Criteria for the patients' discharges were based on blood and urine diagnostic tests and standard infectious disease protocols. Emory said its medical team maintained its extensive safety procedures throughout the treatment process and is confident the discharge of the patients poses no public health threat.
“The Emory Healthcare team is extremely pleased with Dr. Brantly's and Mrs. Writebol's recovery, and was inspired by their spirit and strength, as well as by the steadfast support of their families,” said Ribner.

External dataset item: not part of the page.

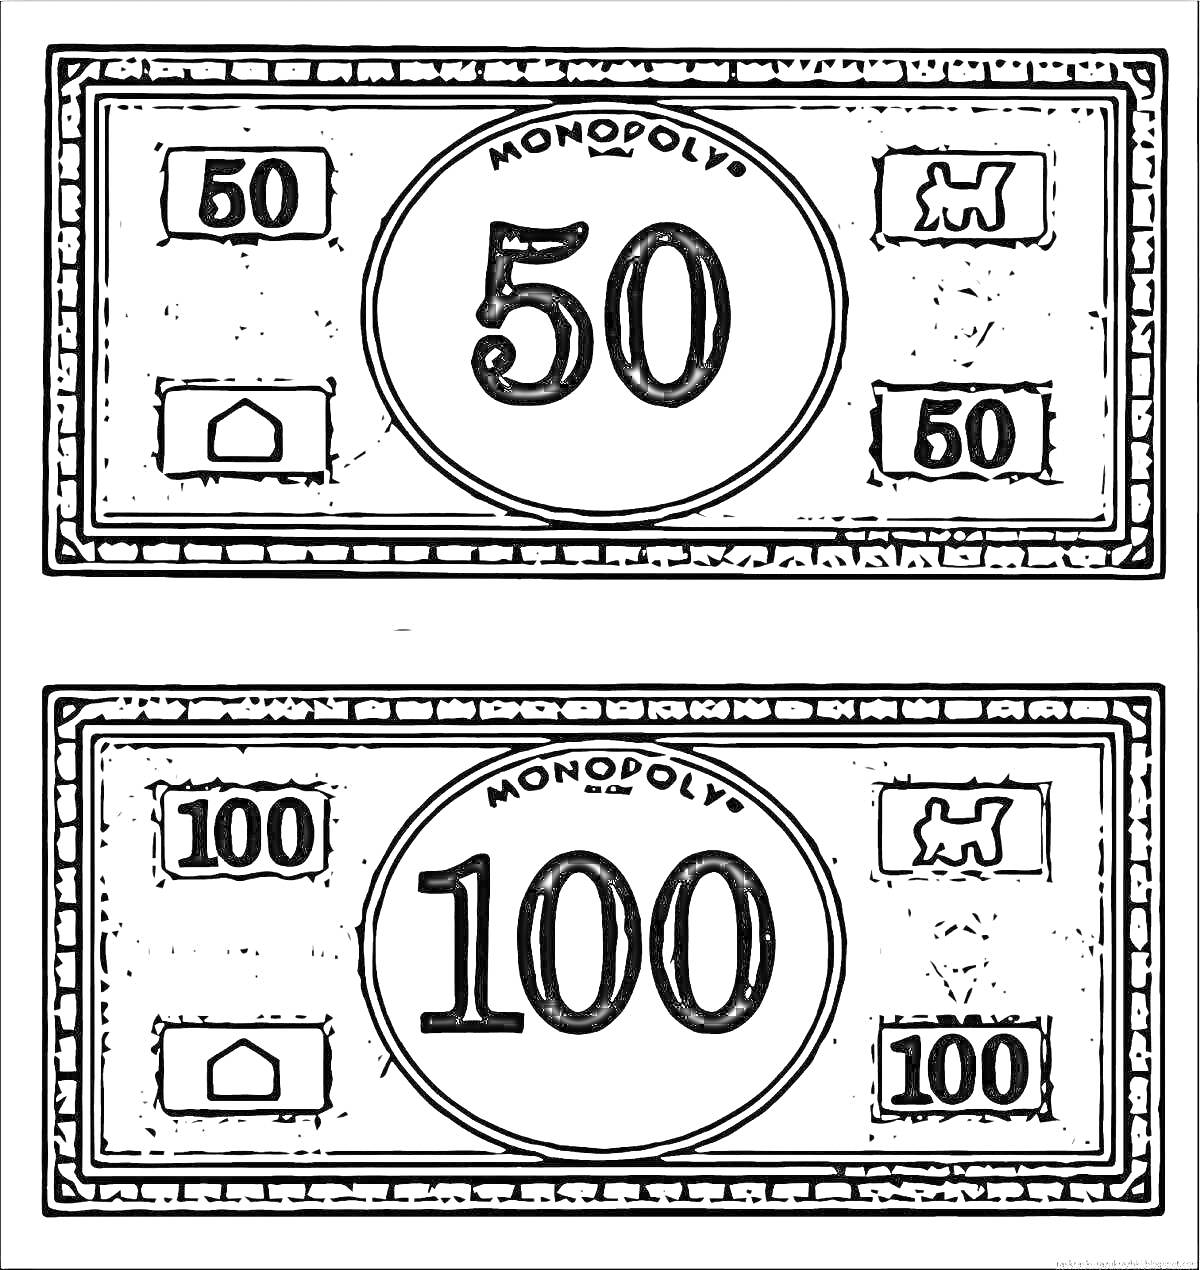 Деньги из Монополии: банкноты 50 и 100, с изображениями дома и фигуры собаки

The following statement was made by Nancy Writebol's husband, David, today:
“Nancy joined the ranks of a small, but hopefully growing number of survivors of the Ebola Virus Disease (EVD) when she walked out of the Emory University Hospital Isolation Unit on Tuesday afternoon, Aug. 19. She had been in isolation fighting the disease since July 26. Nancy is free of the virus, but the lingering effects of the battle have left her in a significantly weakened condition. Thus, we decided it would be best to leave the hospital privately to be able to give her the rest and recuperation she needs at this time.
“During the course of her fight, Nancy recalled the dark hours of fear and loneliness, but also a sense of the deep abiding peace and presence of God, giving her comfort. She was greatly encouraged knowing that there were so many people around the world lifting prayers to God for her return to health. Her departure from the hospital, free of the disease, is powerful testimony to God's sustaining grace in time of need.
“We wish to give our word of thanks to Dr. Ribner and the staff at Emory University Hospital for their kind dedication to Nancy's care during her stay. We also give our thanks to the SIM doctors and the Samaritan's Purse team in Liberia for their loving and tireless care for Nancy. We thank God for these and so many others whom God used to bring Nancy back from the brink of death. It is hoped that the things the doctors and researchers have learned as a result of Nancy's illness will be applied to the saving of many lives.”
“Nancy and David are taking a long, well-deserved break of peace and quiet to reflect on all that has transpired over the past four to five weeks, all that God has done, and seeking how God will lead them in future paths of service, “ said Bruce Johnson, president, SIM USA. “The courageous, humble, faith-filled spirit of the Writebols is a testament to the same calling and commitment of the thousands of their co-workers in SIM from Asia, Africa, Europe, North and South America.”
Writebol was serving with her husband at SIM's ELWA mission campus in Monrovia, Liberia, when she and Brantly contracted Ebola. Brantly was serving at the ELWA Hospital as part of a cooperative work between SIM and Samaritan's Purse. After treatment in Liberia, both were flown to Atlanta and admitted to Emory University Hospital, where they underwent additional treatment.
David Writebol was flown to Charlotte from Liberia on Aug. 10 and completed his 21-day precautionary health watch on Aug. 16.